[ English | русский | Deutsch | Indonesia | English (United Kingdom) ]

Recover a compute host failure

The following procedure addresses Compute node failure if shared storage is used.

Note

If shared storage is not used, data can be copied from the /var/lib/nova/instances directory on the failed Compute node ${FAILED_NODE} to another node ${RECEIVING_NODE}before performing the following procedure. Please note this method is not supported.

  1. Re-launch all instances on the failed node.

  2. Invoke the MariaDB command line tool.
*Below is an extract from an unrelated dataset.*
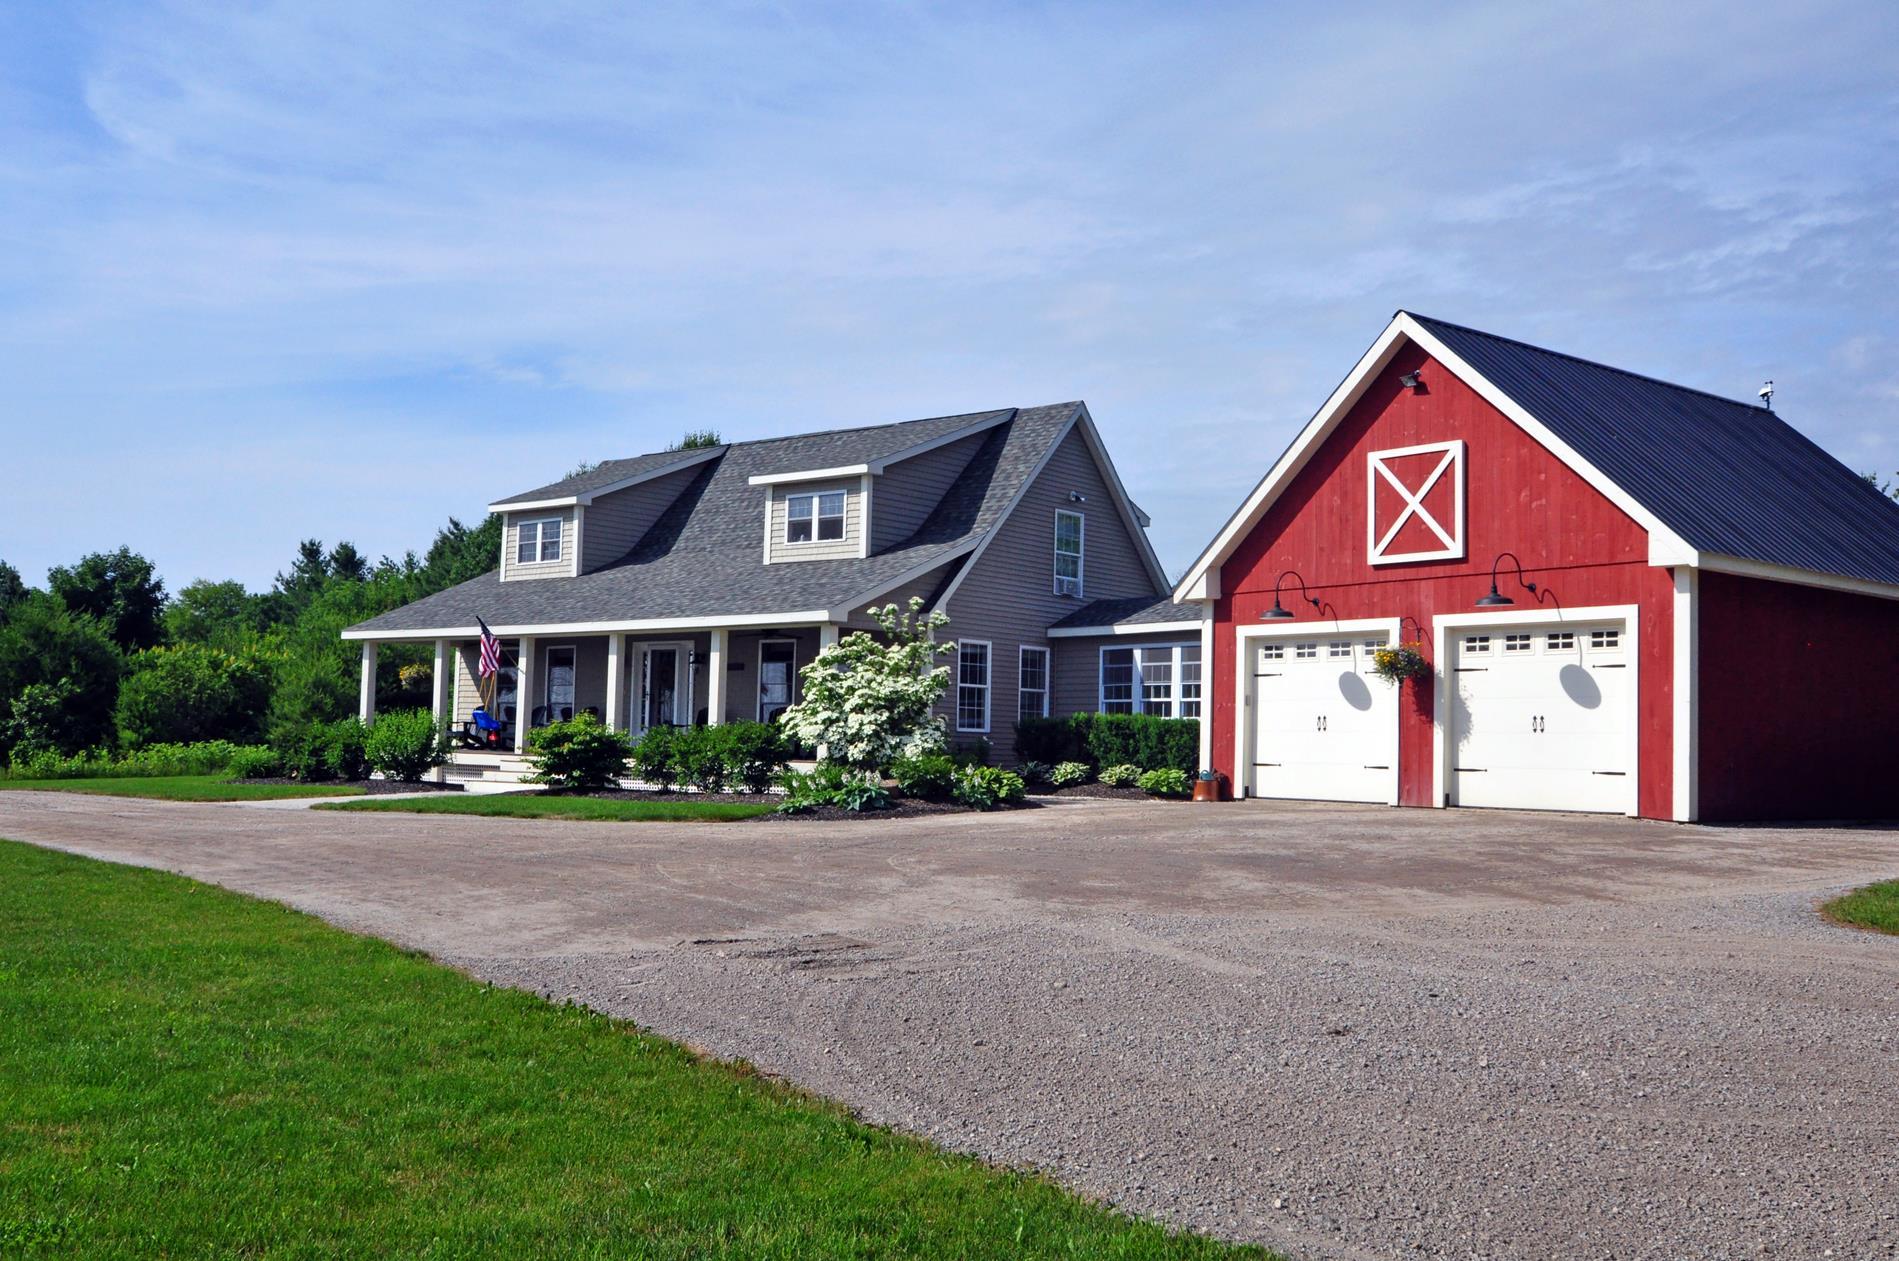 Maison unifamiliale pour l Vente à 178 Waldron Hill Rd, Warner Warner, New Hampshire 03278 États-Unis

  3. Generate a list of instance UUIDs hosted on the failed node:

    mysql> select uuid from instances where host = '${FAILED_NODE}' and deleted = 0;
    
  4. Set instances on the failed node to be hosted on a different node:

    mysql> update instances set host ='${RECEIVING_NODE}' where host = '${FAILED_NODE}' \
    and deleted = 0;
    
  5. Reboot each instance on the failed node listed in the previous query to regenerate the XML files:

    # nova reboot —hard $INSTANCE_UUID
    
  6. Find the volumes to check the instance has successfully booted and is at the login:

    mysql> select nova.instances.uuid as instance_uuid, cinder.volumes.id \
    as voume_uuid, cinder.volumes.status, cinder.volumes.attach_status, \
    cinder.volumes.mountpoint, cinder.volumes,display_name from \
    cinder.volumes inner join nova.instances on cinder.volumes.instance_uuid=nova.instances.uuid \
    where nova.instances.host = '${FAILED_NODE}';
    
  7. If rows are found, detach and re-attach the volumes using the values listed in the previous query:

    # nova volume-detach $INSTANCE_UUID $VOLUME_UUID && \
    # nova volume-attach $INSTANCE_UUID $VOLUME_UUID $VOLUME_MOUNTPOINT
    
  8. Rebuild or replace the failed node as described in Add a compute host.